DIVERSITY? Hollywood red carpets don’t do diversity.
Sorry, of course they do. They do willowy women in two colours: Blonde and brunette.
It’s just one of those quirky facts of nature that all the really talented actresses in the world all come in exactly the same size – small.
You know, like this:
But yesterday, a quiet revolution happened at a Hollywood event. The red carpet looked different. The red carpet actually looked diverse.
The women came in different shapes and sizes. They came in different ethnicities. They weren’t all 25.
It felt almost like the real world. If, you know, the real world was populated by people with way better hair and shoes than us.

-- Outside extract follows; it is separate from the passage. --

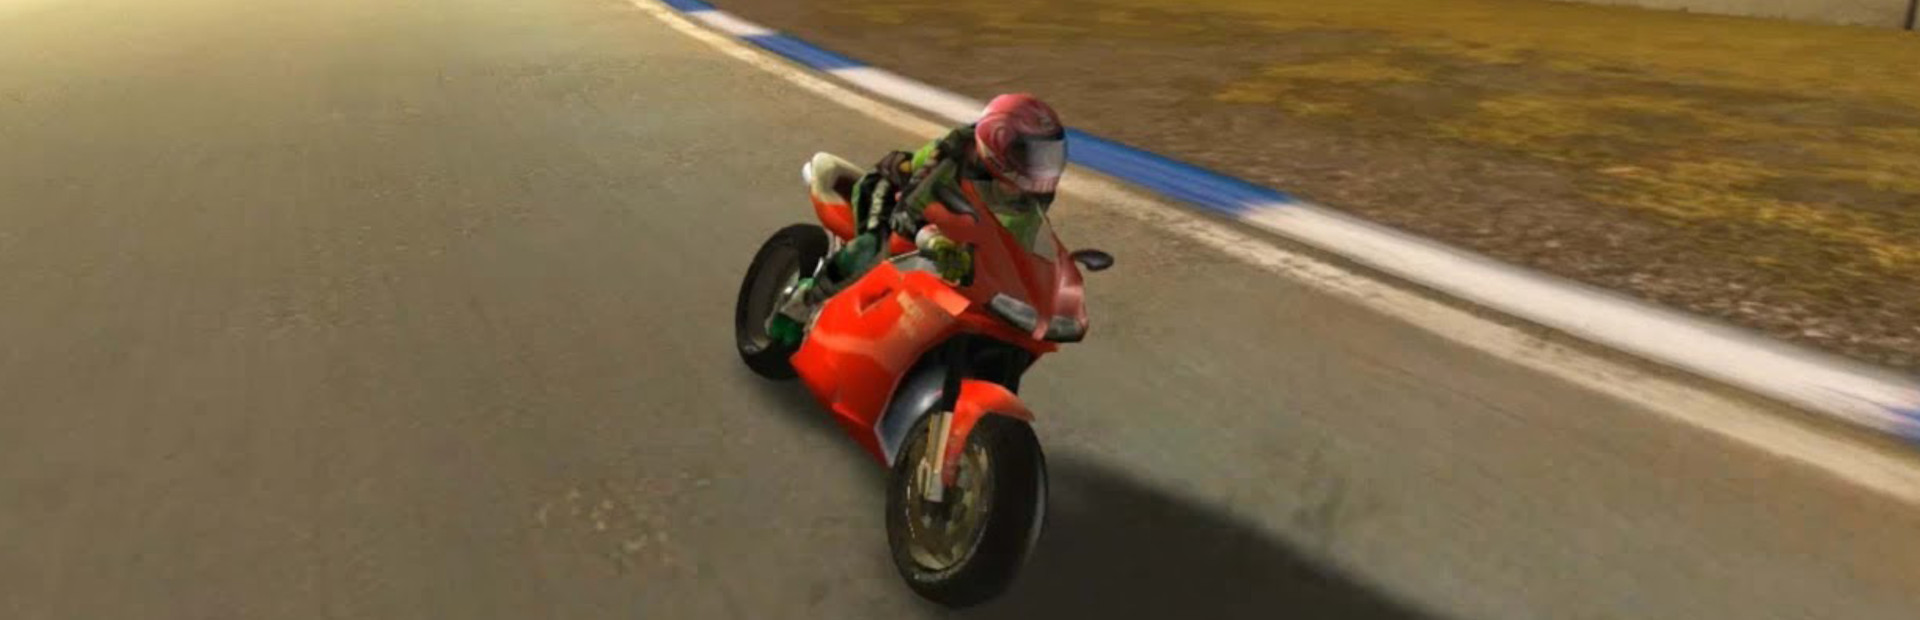 Ducati World Championship cover image

There’s a reason that the Emmys red carpet looks different to the one you’re used to seeing at say, the Oscars. Television.
Television is where everything interesting is happening right now.
It’s the place where excellent writing is flourishing, it’s the place where women are seizing control of their own stories, it’s the place where the machine seems less afraid to allow the audience to see themselves in all their varied iterations.
Meanwhile, over at the movie theatre? Next year: Pirates Of The Carribbean 5.
We’d take binging on VEEP or How to Get Away With Murder any day.
Give us the glorious Connie Britton, the majestic Robin Wright, both of whom would once have been considered much too old to lead shows that dominate lounge rooms every week.
Give us Orange is the New Black, where the cast is racially, sexually, physically, SPIRITUALLY varied (all hail Norma).
Give us The Walking Dead — because zombies don’t discriminate.
TV used to be a drab landscape of homogenous Jennifer Aniston clones, canned laughter and feel-good sitcoms.
Sure, there were bright spots, but TV never used to represent the varied rainbow of humanity that exists, particularly in places where many of these shows were set, such as New York City, the original melting pot.
Youngish, slim, well-groomed Caucasians, like those in How I Met Your Mother, Friends, Ally McBeal, 90210, Dawson’s Creek and Felicity were the norm. They’d throw in a character of colour, just to appease, whose story arc would result in their departure after the requisite few episodes.
And so red carpets were dominated by young, slim white women.
Black women make up only two per cent of the characters on TV in the US — and when the Kerry Washington-led Scandal debuted in 2012, she became the first black woman protagonist on a network drama in almost 40 years, reports the Guardian.
Host Andy Samberg mentioned the inequality for women in television in his opening speech.